El poema conocido como "Song of the Open Road", con esos versos irregulares, algunos de ellos larguísimos como la perorata rítmica de un predicador anabaptista negro, son una invitación a la divina alegría, muy parecida tal vez a la embriaguez también divina. Yo he visto aquella alegría que arremolina los grupos que esperan la salida de un autocar de excursión. Tampoco es menor la euforia de los deportistas y la hinchada. Suscribo por cierto totalmente (a excepción de la palabra "plebeyo") la columna de José Manuel de Prada sobre el espíritu olímpico: "Esto nos llevaría a considerar el deporte como lo que realmente es en las sociedades decadentes: un sucedáneo religioso particularmente plebeyo e infantiloide, con multitud de sectas o capillitas (cada modalidad deportiva), pero con una confesión mayoritaria, que es el fútbol. Y las Olimpiadas vendrían a ser algo así como el concilio ecuménico de tal sucedáneo religioso; así, por ejemplo, se explica que los pelmazos deportivos hablen con reverencia del «espíritu olímpico», empleando la acuñación a troche y moche, aunque no venga a cuento, como los pelmazos meapilas hablan del «espíritu del concilio»."
Bueno, lo del  "espíritu del concilio" no sé si lo suscribo o no, pero me es igual. Lo de "plebeyo" sí que me importa, aunque tal vez admitiría un sinónimo. Todo ello sin apartar apenas nuestros ojos del propio camino, tal y como nos lo invita a hacer Whitman, no desde la alegría inconsistente o la euforia hipertímica pasada de vueltas y de café, sino desde una especie de despreocupación por todo lo que se supone que son los caminos trillados y requetetrillados.
Incorporo hoy al álbum una foto del poeta, aunque Matthew Brady le hizo dos años después otra que se conserva mejor y donde aparece con una casaca y un sombrero, tal vez más conocida y convencional, sin esas manchas que afean la nuestra. También podía haber puesto las dos, pero para ilustrar el post de hoy -como dijera Schubert- el momento es supremo.

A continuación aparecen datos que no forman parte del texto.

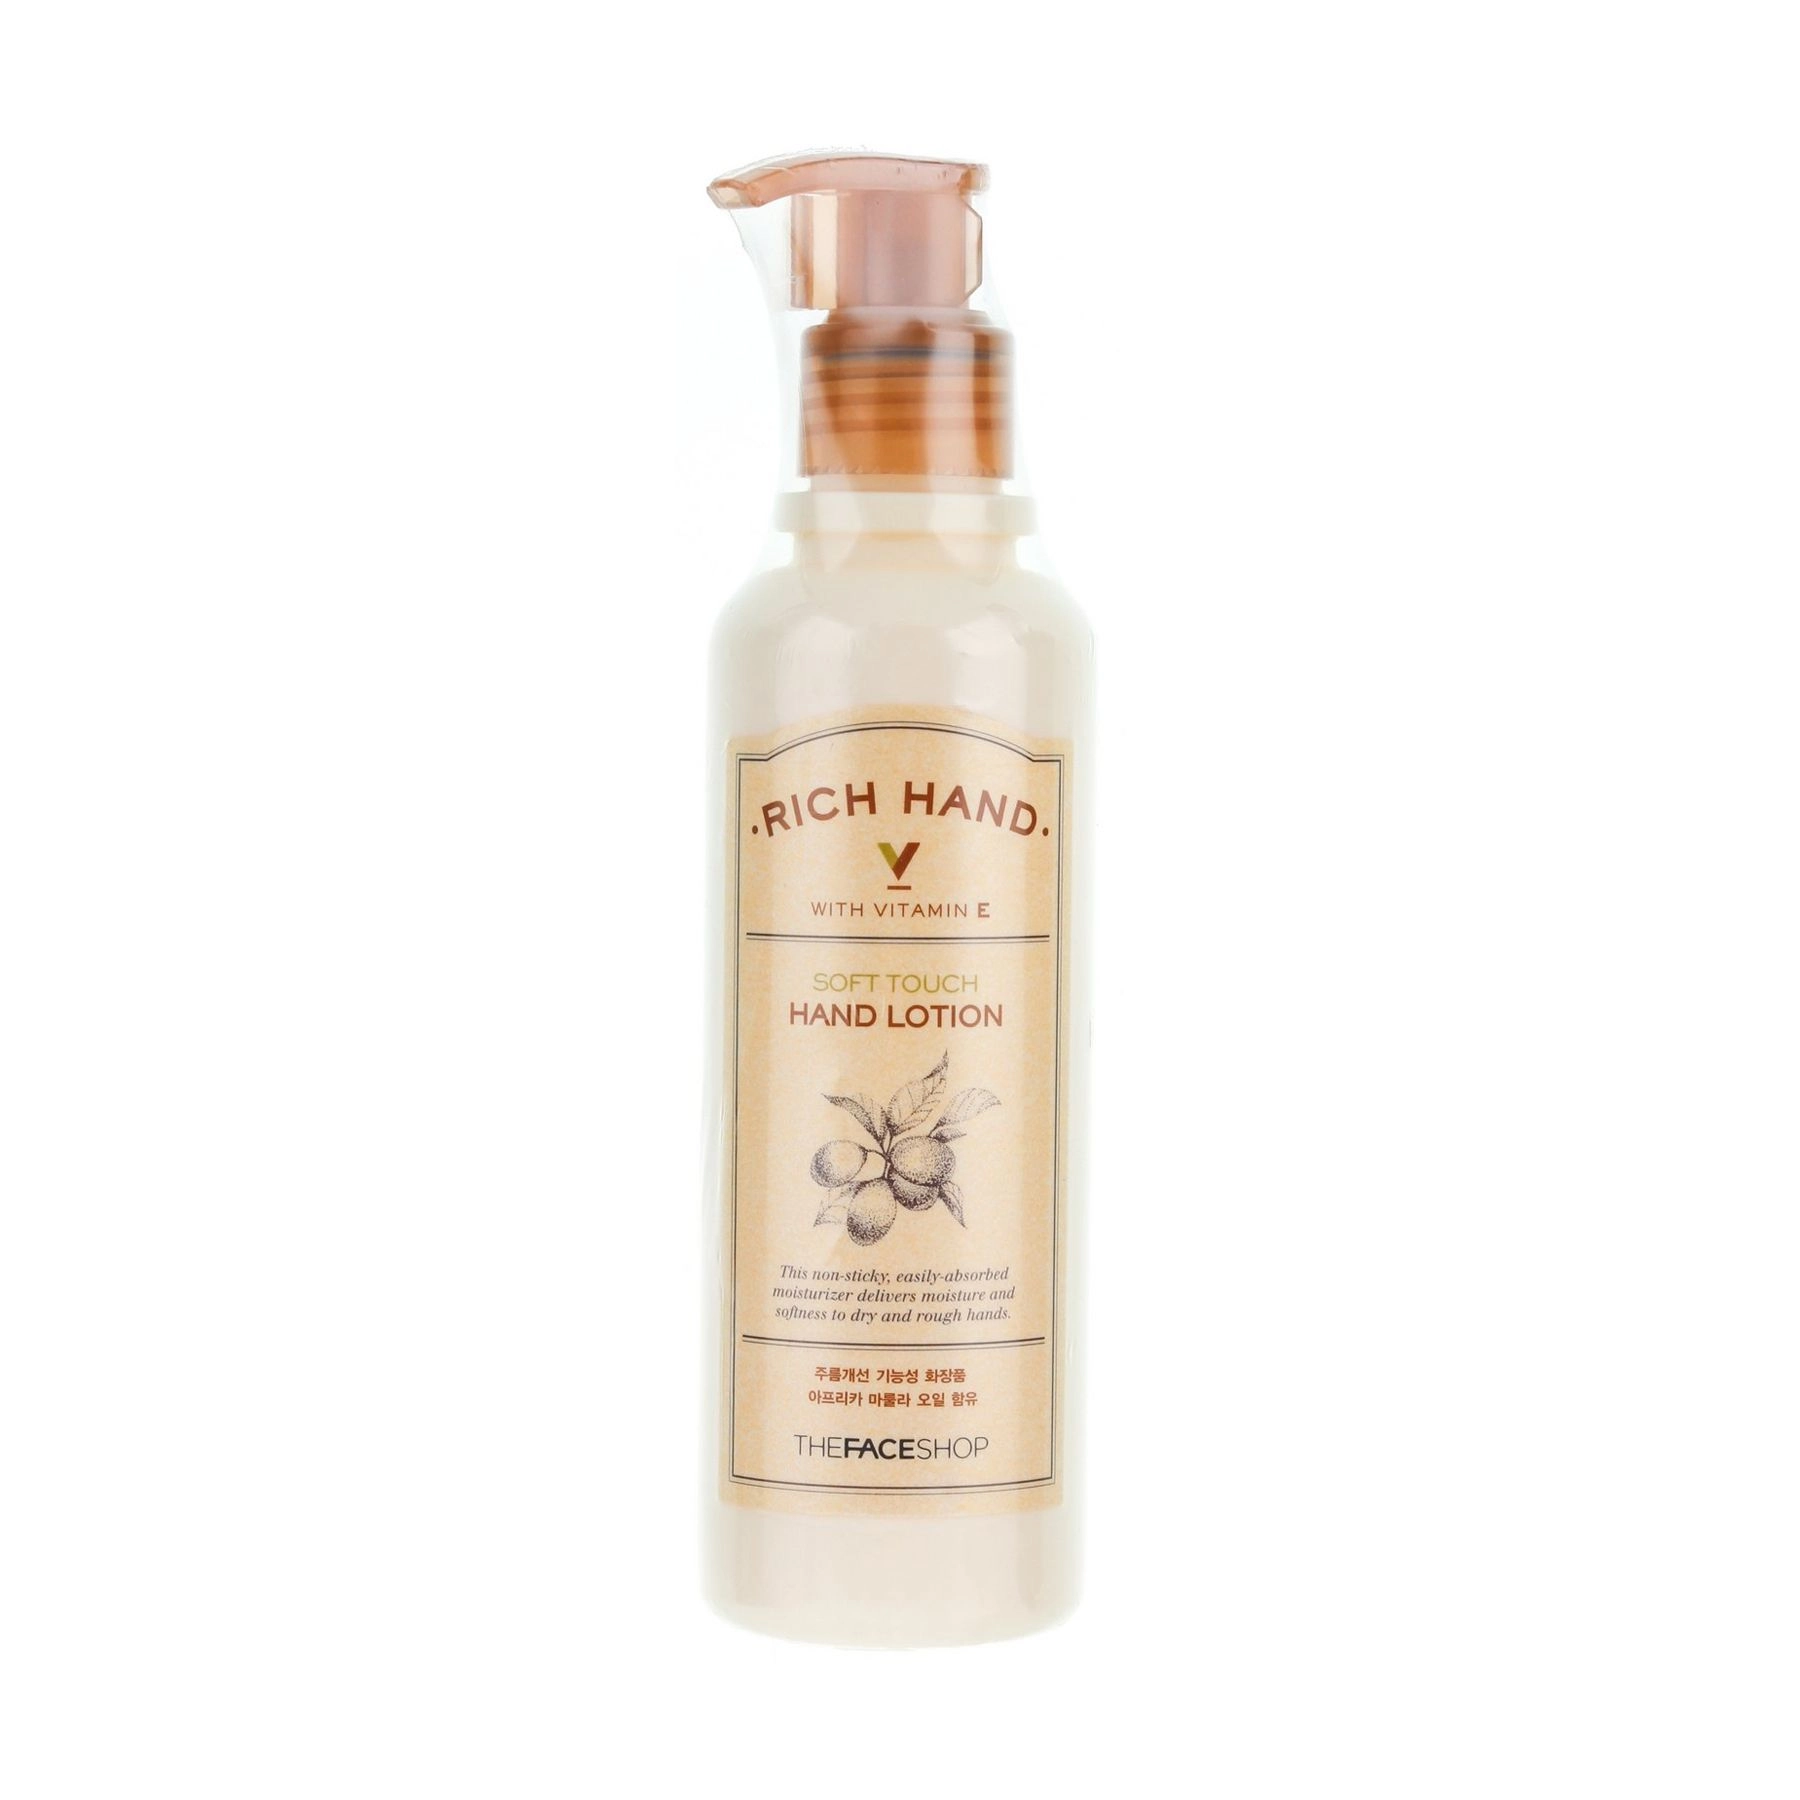 The Face Shop Лосьон для рук Rich Hand V Soft Touch Hand Lotion с маслом марулы, 200 мл - фото N1

Whalt Whitman por Matthew Brady (1860)

(*) Traducción de Marta Domínguez Senra: "Allons! No os detengáis | ¡Dejad que el papel permanezca en blanco en el escritorio, y el libro sin abrir en su estante! | ¡Dejad que las herramientas se mantengan en el taller! ¡Que el dinero esté aún por ser ganado! | ¡Dejad quedar la escuela! ¡No os importe la palabra del profesor! | Dejad al predicador en su púlpito, dejad al abogado pleitear en los tribunales y a los jueces disertar la ley".